As for men's underpants: All is explained here.
I'm grateful to conference organizers Ronald Geerts and Hugo Vercauteren for inviting me to speak at the gathering. I must also thank conference organizer and old friend Muriel Andrin, along with Dominique Nasta and their colleagues and students from the Arts du Spectacle Department at the Université Libre de Bruxelles. My friends at the Cinematek, Stef and Bart and Hilde, helped me with my PowerPoint). Thanks as well to the Universitaire Associatie Brussel (Vrije Universiteit Brussel / Rits-Erasmushogeschool Brussel) and Associatie KULeuven (MAD-Faculty / Sint Lukas Brussel). A high point of the event was the visit to La Fleur en Papier Doré. Special thanks to Gabrielle Claes for her heartfelt introduction to my talk, not to mention a delicious bucket of moules.

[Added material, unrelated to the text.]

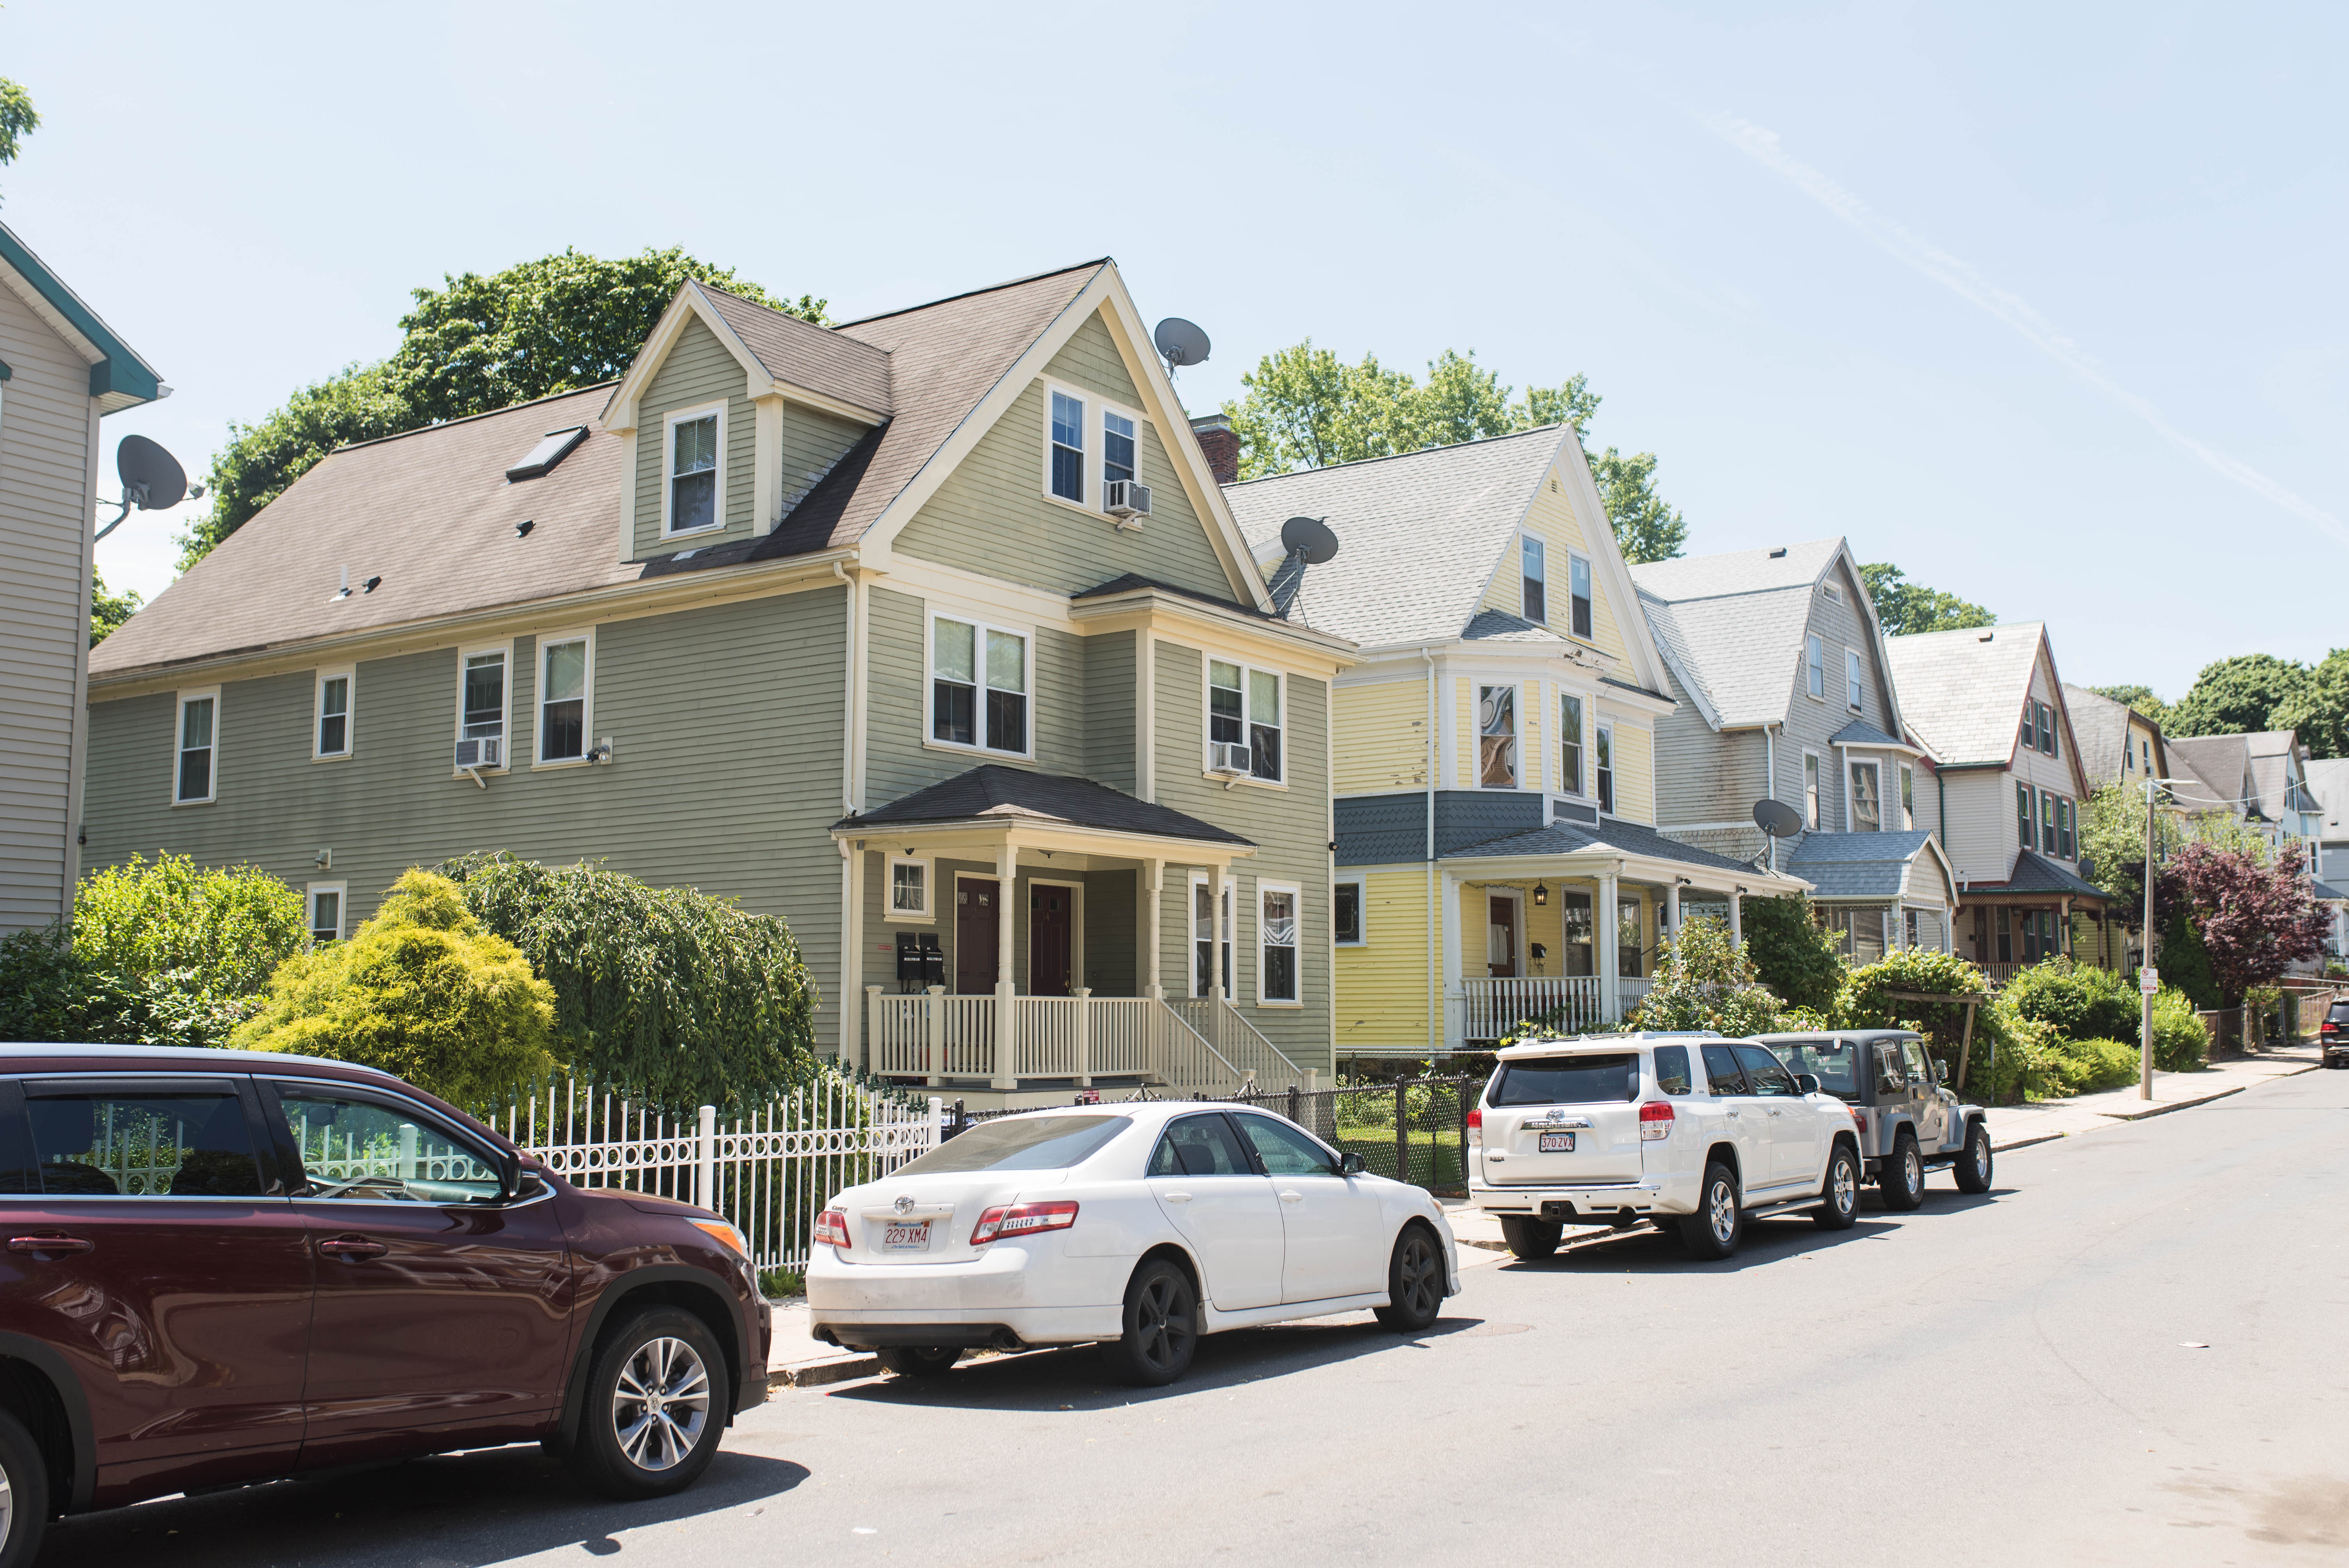 A row of two- and three-story houses along a city street with cars parked in front.

A founding document in the contemporary study of the screenplay is Claudia Sternberg's Written for the Screen: The American Motion-Picture Screenplay as Text (Stauffenburg, 1997). Other books central to the conference cohort include Steven Maras's Screenwriting: History, Theory, and Practice, Steven Price's The Screenplay: Authorship, Theory and Criticism, J. J. Murphy's Me and You and Memento and Fargo: How Independent Screenplays Work, and Jill Nelmes's anthology Analysing the Screenplay, which includes many essays by members of the group. See also the affiliated Journal of Screenwriting. The next screenwriting conference will be held in Sydney, and the 2013 one will take place in Madison, Wisconsin.
Coke does go through you pretty fast. Richard Neupert at a Coca-Cola machine that exploits a Brussels landmark.